Beyond the maintenance procedures, there’s always the check of the Bausubstanz, the building fabric, or its structural condition. Again, I like the German substanz here. Isn’t it similar to what we tell ourselves and others when we undergo some treatment but overall our health condition is still good? When is the Bausubstanz still good?
And when is the renovation — or even Sanierung — still worthwhile instead of pulling down the whole edifice and building it anew? Not that we can dissolve our bodies and get ourselves a new one; but don’t we sometimes need to let go of an energy-draining, health-eroding chase and start anew?
When is a building still itself, past renovation and beautification, even past Sanierung? A new façade, new windows — just thermo-insulating ones fitting the old design, or a new design altogether? — a new interior staircase, new plumbing: does any of this change what the building used to be?
I find it intriguing when in the urban landscape I see buildings hidden behind their own image printed on a huge lifelike canvas, while they are undergoing Sanierung in the backstage. Isn’t it so human to pull a curtain while we’re adjusting our look? Even more so when we’re in hospital undergoing Sanierung?

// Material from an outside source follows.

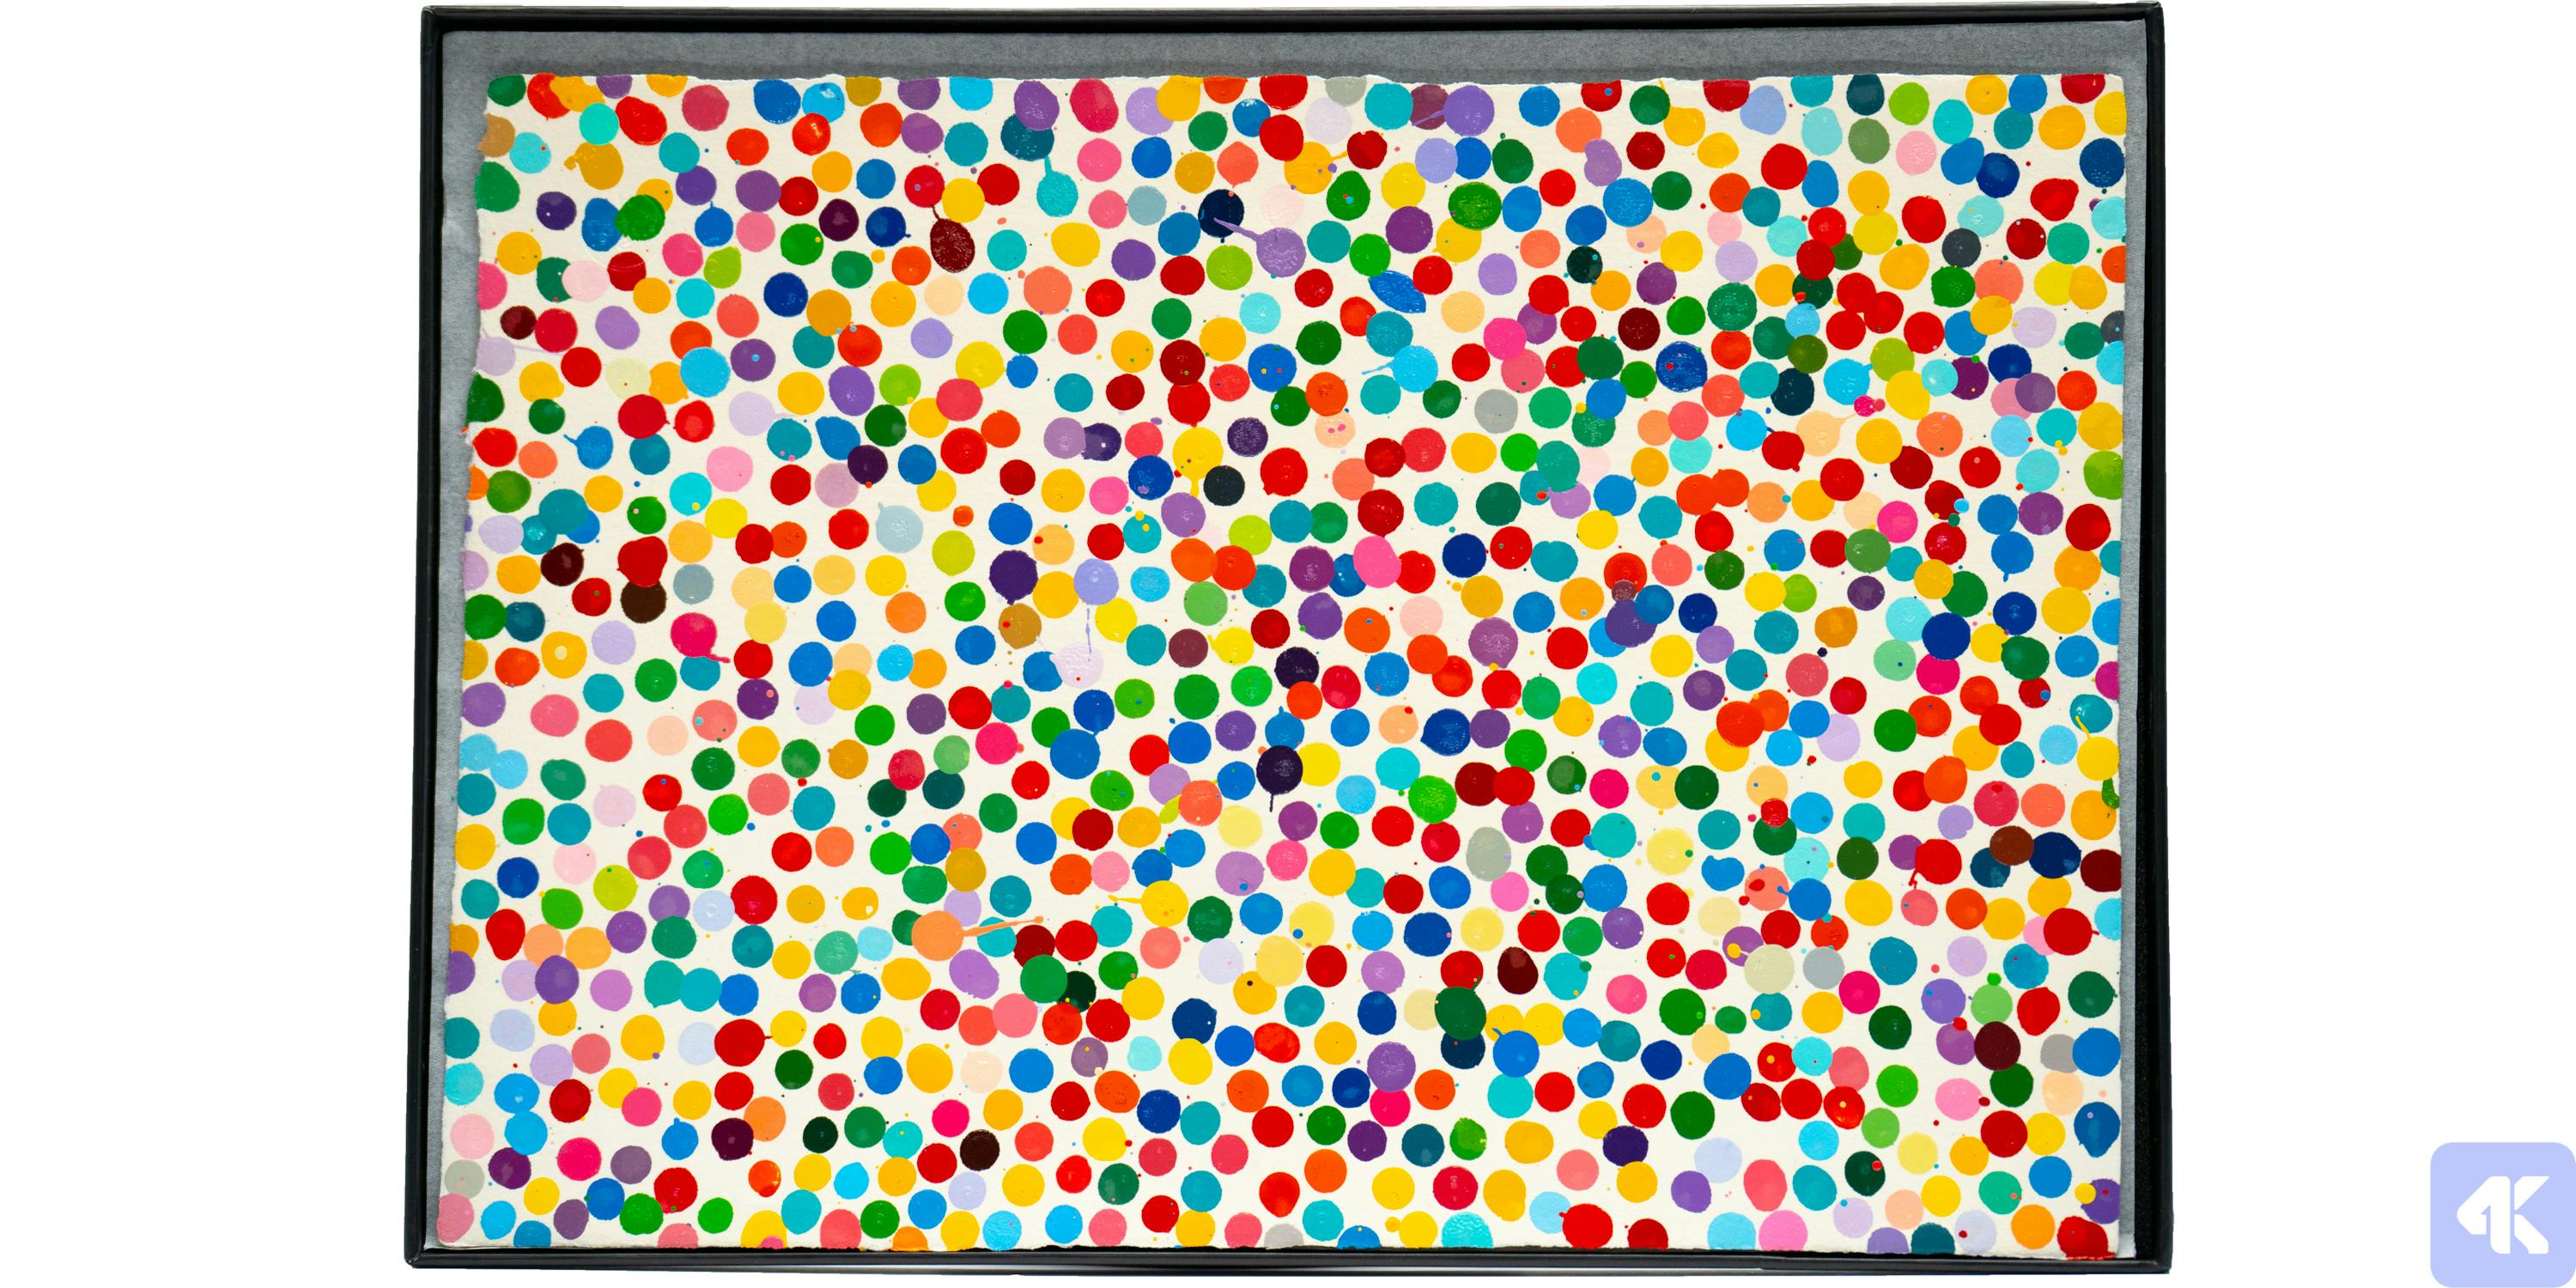 4K is now in possession of one of Damien Hirst’s physical prints from his “The Currency” NFT collection that distinctly crosses the chasm between the digital and physical worlds.

How about buildings that were destroyed by war, fire or other disasters, and were re-built to match their historical look? Are they still the same?
From what point onwards can we feel that we’re no longer the same for having replaced capital items in our bodily inventory? New teeth? A new heart? A limb prosthesis? A different skin colour? Applying makeup that changes the image we project?
Where does the self reside, in a human being as well as in a building?
The body is your temple, says the New Testament. The obvious reading one could easily take away is, idolize it and adorn it with utmost devotion. Pile up makeup, train those muscles, treat that skin with lavish cosmetics, build your image and project it project it project it.
Or is it more along the lines of: just like a temple, give it loving care, maintenance, and above all, inhabit it (which is what, ironically, the Church has totally misunderstood in the following millennia). Have you noticed how visibly buildings deteriorate if they are vacant? What does that suggest about a lifestyle where we’re constantly on the go, on the chase, scarcely inhabiting our bodies —or our minds, for that matter?
The other metaphor I often come across is that the body is the vehicle, or the residence, of our Selves. And that might sound like what I’ve been on about here: the similarity body = building. What doesn’t feel right to me, though, is the implication that the body and that Self are separate. That the building is only the walls and its pipes, while there’s a distinct spirit inhabiting it.
But aren’t they unsplittable? Isn’t our body the embodiment of who we are? Is the body just the organs? Isn’t the heart held by tissues to hold it fast within the chest? Doesn’t it throb with our fears, our in-love thrills, our grief?
Is the house just its plumbing, flooring, carpentry, even its Bausubstanz — or is it also its vibe that echoes in our night dreams, the mystery of its haunted basements and its attic stuffed with forgotten memories?
Buildings, like humans, are an elusive story.
If I were to go back into that impressive building that is my old high-school, would it feel like it’s the same?
Are my old classmates the same, when we meet for the old times’ sake?
Hard to tell.
Lili Comes to Herself is discounted this week as a free e-book (minor price variations, possibly adding a few cents, might be due to the differences across geographical markets. The paperback is due out within the next ten days.
I love the metaphor of what you did with buildings and our bodies.
Wish I spoke German because your explicating language differences between renovating and rehabilitating felt rich. Very thoughtful!!!